Benefits of document classification

How business processes improve with it

Is document processing really needed?

With the spread of digitalisation we would be tempted to believe that document processing is a thing of the past. Aren't companies moving towards a paperless standard? Does not every information transmission take place over a digital channel? Because if such is the case it seems hard to find a place for document classification these days.

In fact this assumption is at least misleading and at most utterly wrong for two reasons

  • Not every market and not every industry in every market has made the transition to a fully digital operation. Think of the last time you signed on a paper. I would bet this took place very recently.
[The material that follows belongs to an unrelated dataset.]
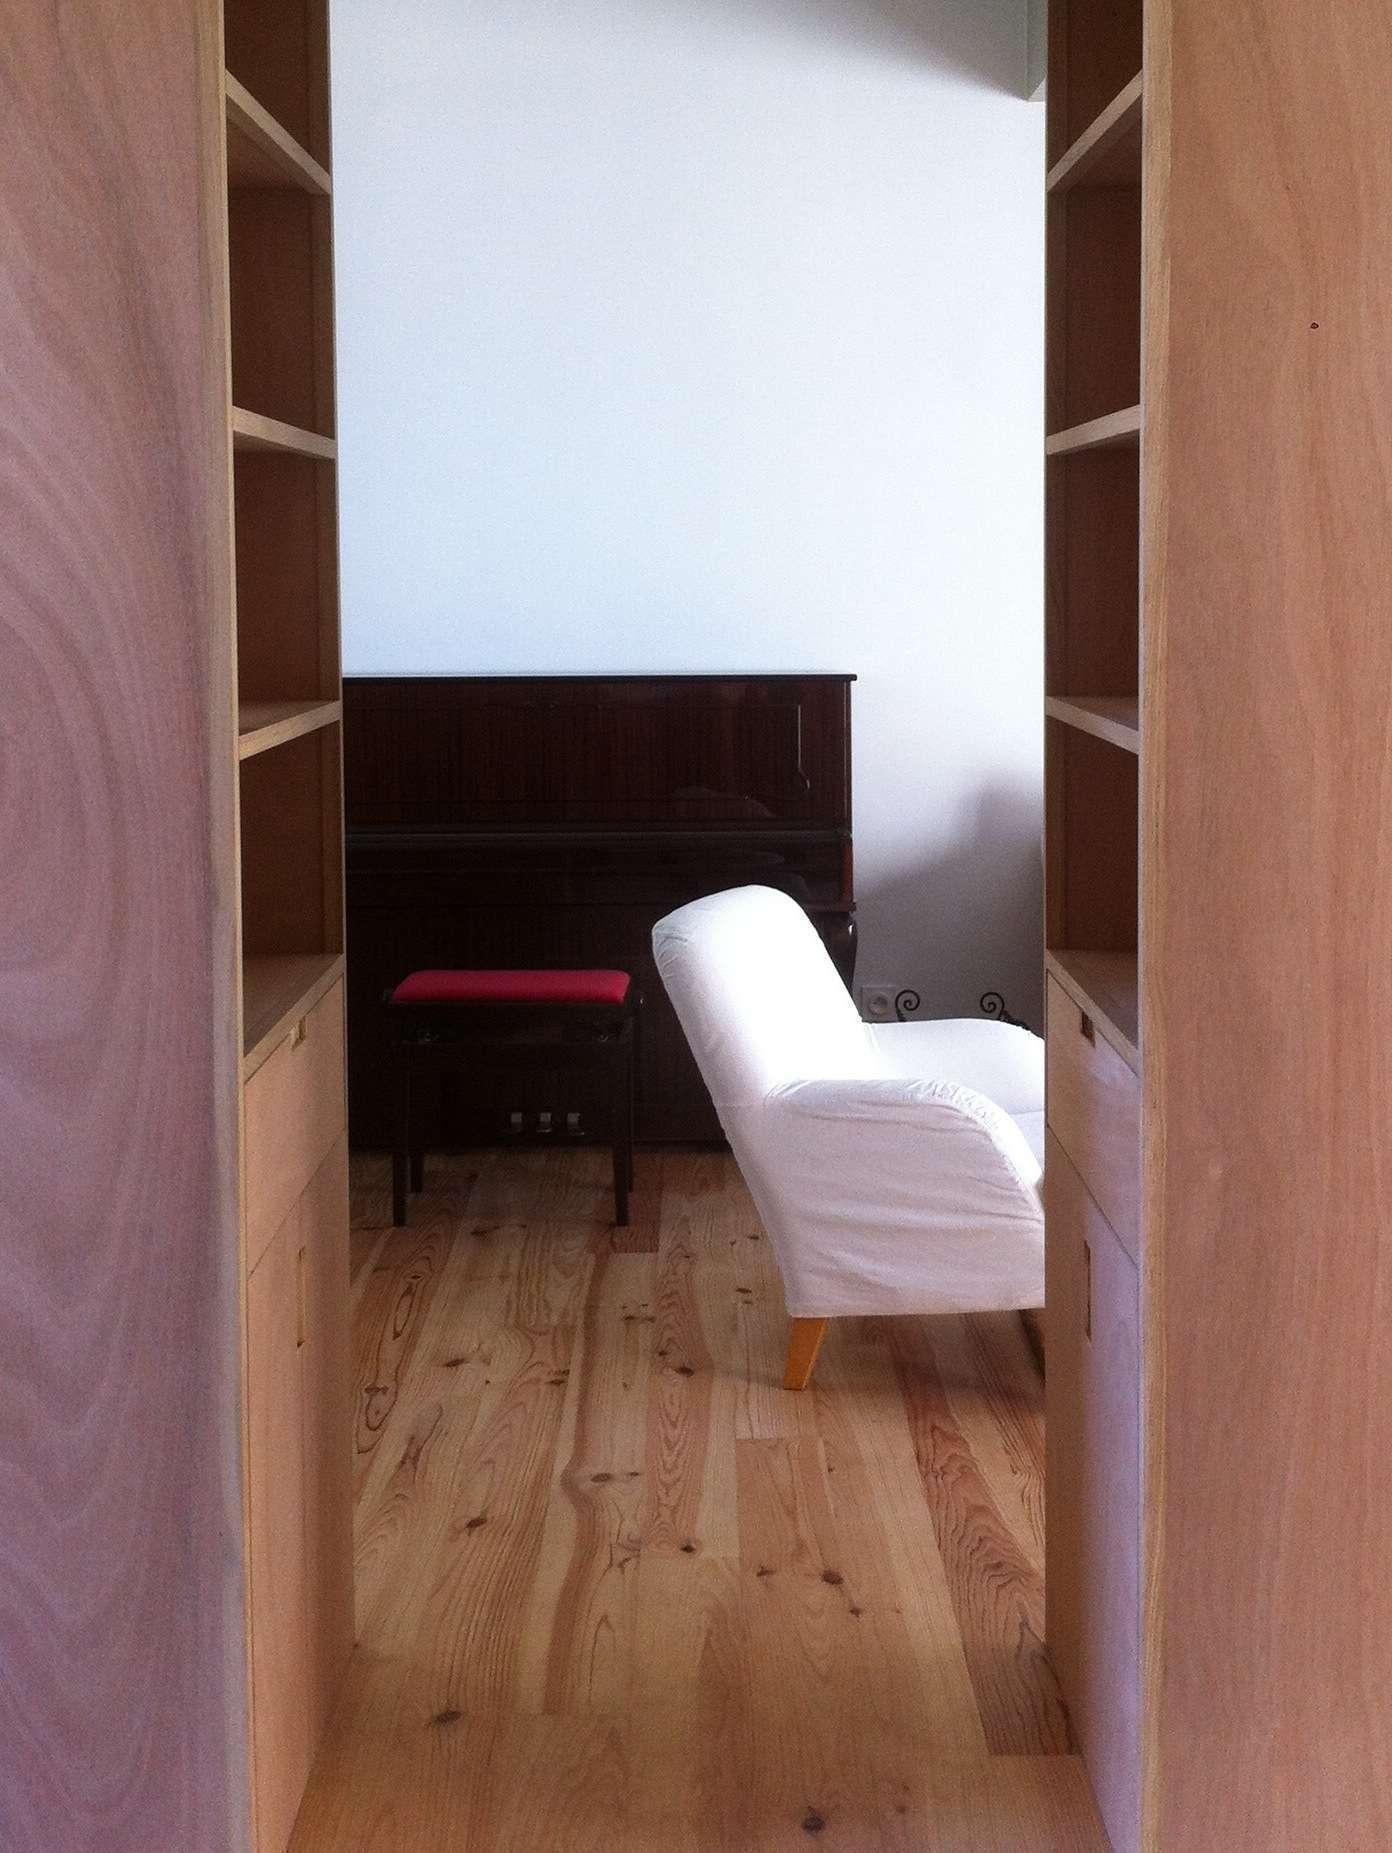 Meuble Sur Mesure Bordeaux fabrication de meuble sur mesure à bordeaux (33000)

And this paper will be archived somewhere in old ink and paper form.
  • Even if the transition to the digital sphere has been made or is midway completed, the case for document processing is as strong. The reason is that there is a big difference between human-readable documents and machine-readable objects. While an image file, be it pdf, jpg or similar, is good for human users or agents, it still needs to be processed along the same lines as the old fashioned paper. The need and the process remain nearly the same.
Therefore businesses and other organisations have to tackle the processing of vaste amounts of non-structured data contained in images, pdf or paper documents. Processing those documents typically means identifying the class they belong to (that's classification) but also extracting some relevant data from it (which is called entity extraction).

Text classification: what is it?

The concept is pretty simple. Given a certain document assign it to one of a closed set of predefined categories. For example, is this a resume or a payroll slip or an invoice. Those categories must have some solid, preexisting business meaning and classifying the documents has to be a required step in some business workflow. The traditional approach is to set up a team of agents that go through the document stream and manually annotate the class that each document belongs to. Initially every agent of the team had to be in the same place, but now and thsanks to technology it is also possible to have decentralized teams accessing a database of digitized documents. While perfectly feasible this approach presents a number of drawbacks:
  • The approach is not cost efficient. Specifically costs grow proportionally with the growth in the document stream, preventing the appearance of any economy of scale.
  • Such a repetitive process is necessary error-prone, even if the task is relatively simple. Some companies solve this problem duplicating the team and classifying each document twice. Whenever there is disagreement, a third agent takes the final decision. Of course this solution increases the cost even more.
The alternative is the introduction of automatic document classification methods where the combination of the right Natural Language Processing methodology with other IT components such as OCR, web services and cloud processing can deliver a scalable, fast and efficient alternative.

Information extraction

The job is incomplete if we limit ourselves to document classification. Our business process will typically require the extraction of relevant information from the document in structured form. For example:

  • From an invoice extract the invoice date or the tax number of the client
  • From a payroll slip extract the net salary or the tenure of the employee

The automation of such tasks is surrounded by a number of technical challenges that go beyond natural language processing and touch the field of computer vision. However this automation has an obvious range of advantages, from speed and efficiency to economies of scale.

In natural language processing there is a distinction between Named Entities (typically proper nouns such as country names or organization but also dates an numbers) and Slots (which are domain-specific pieces of data such as Tax ids or Part number). Both heuristic and Machine Learning techniques are required to extract these data from the original image.

In some cases non textual information such as logos, signatures or stamps need to be extracted and sometimes matched against a reference image. This falls in the computer vision domain once more.

Practical use cases

The number of situations where scanned or paper documents are sent for processing is really wide. We will mention only a handful of them.

  • Customer onboarding. Be it in insurance, telecoms, finance or utilities, the need for the supplier to get and process documents from the client can be found everywhere. The utility company needs the rent contract of the client. The finance house asks for a payroll slip. The insurance company requests a blood test. Many more cases like those happen every day.
  • Insurance claims. There are few industries more swamped with documents than Insurance. This trait is more evident in the claims department where procedures require a number of document pieces to back up the claim. A lot of manual processing in place.
  • Legal advice. This area deserves a post in its own right. Just imagine the time taken by lawyers just to find a small piece of data across a number of thick files holding past court decisions or contracts.

Benefits

We expect that the benefits of document classification have become evident in this post. Namely:

  • Speed. These days everybody wants and expects immediate turnaround of any process. Delaying a business process in insurance, credit, retail or any other business because someone needs to go through a huge stack of papers is unthinkable.
  • Efficiency. While technology is not always cheap and not every manual action is candidate for automation, most of the time automation brings about process reliability and economic sense to the business.
  • Economies of scale. And once automation is introduced the ability to grow the business in a fast and agile manner is available for the management who can tackle growth peaks by just adding some - or none at all! - technical resources.